Dismissing all opposing ideas as “outdated” is a sly leftist tactic that’s seemingly been employed ever since Karl Marx posited that global communism was a historical inevitability. If you don’t swallow any of this “scientific” Marxist gobbledygook in one piece without even chewing, well, you’re living in the past, comrade.

Greece, the cradle of Western Civilization, seems destined to become either the West’s coffin or the site of its rebirth. The nation’s debt crisis, combined with the fact that it’s a primary entry point for illegal immigration into Europe—in 2010, nine of every ten “migrant” outlaws sashayed into the EU zone through Greece—have helped fuel violent street clashes between far-left (i.e., internationalist) and far-right (i.e., nationalist) factions for years.

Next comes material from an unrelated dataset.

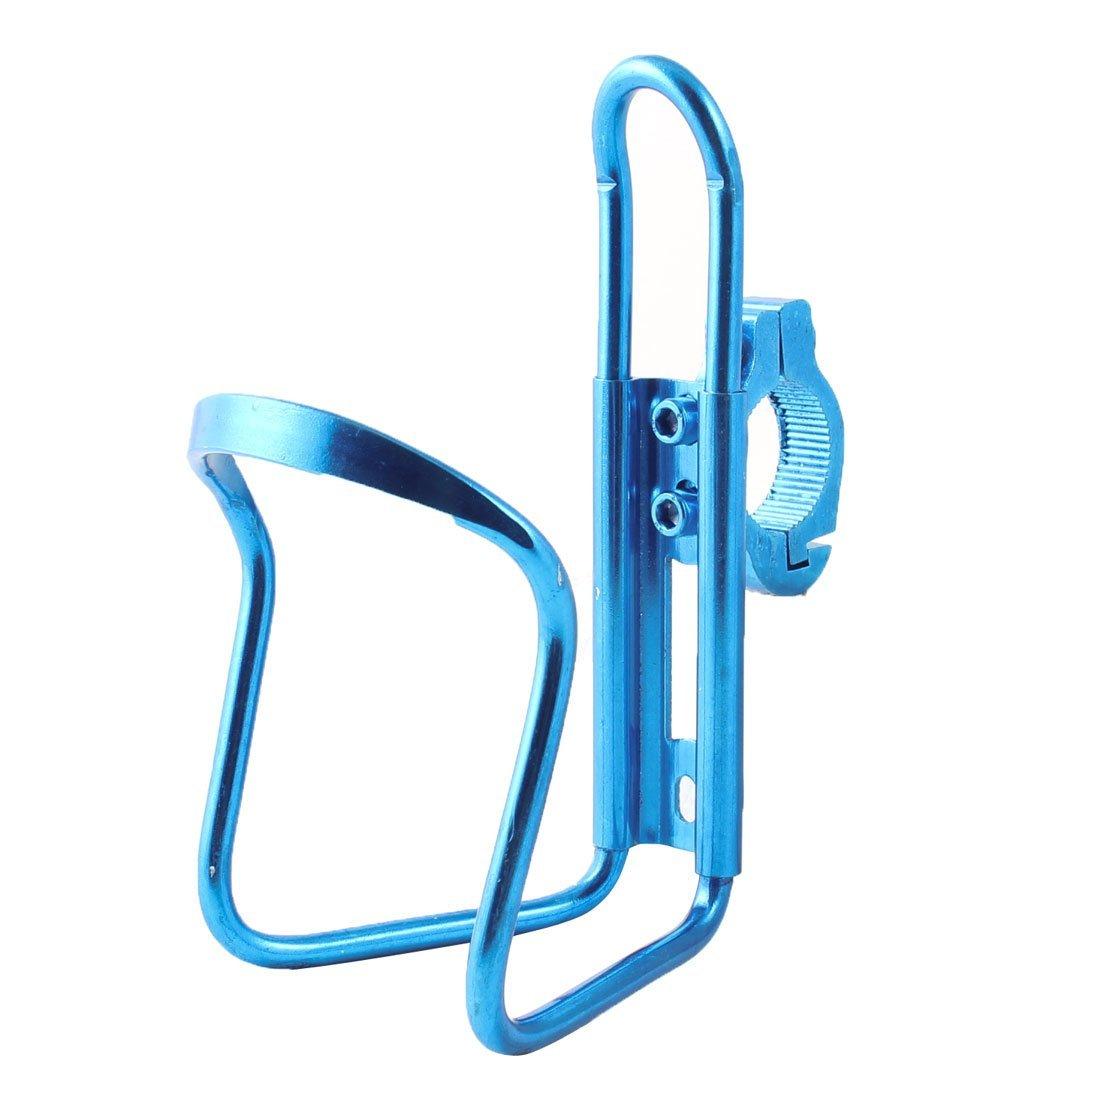 Bicicleta de la bici del manillar de aluminio de agua Jaulas sostenedor de la botella del azul real

Last week’s elections were largely a repudiation of the political center, specifically the EU’s financial stranglehold on Greece. Although unashamedly pro-communist parties won a far higher quotient of the votes, most media outrage was predictably focused on the fact that the nationalist party Golden Dawn received 7% of the total. Pundits referred to Golden Dawn’s minor victory as “absurd and repugnant,” “a dark day for Greece,” “a scary development,” “a political horror,” and all the other histrionic scare terms typically spewed by compliant media lapdogs trained to establish an immediate—although immediately fallacious—connection between the merest squib of nationalist sentiment and the Holocaust.

“Truly, they have not learned the lessons of history,” lamented one pundit. “Didn’t the Europeans learn anything from history?” wailed another.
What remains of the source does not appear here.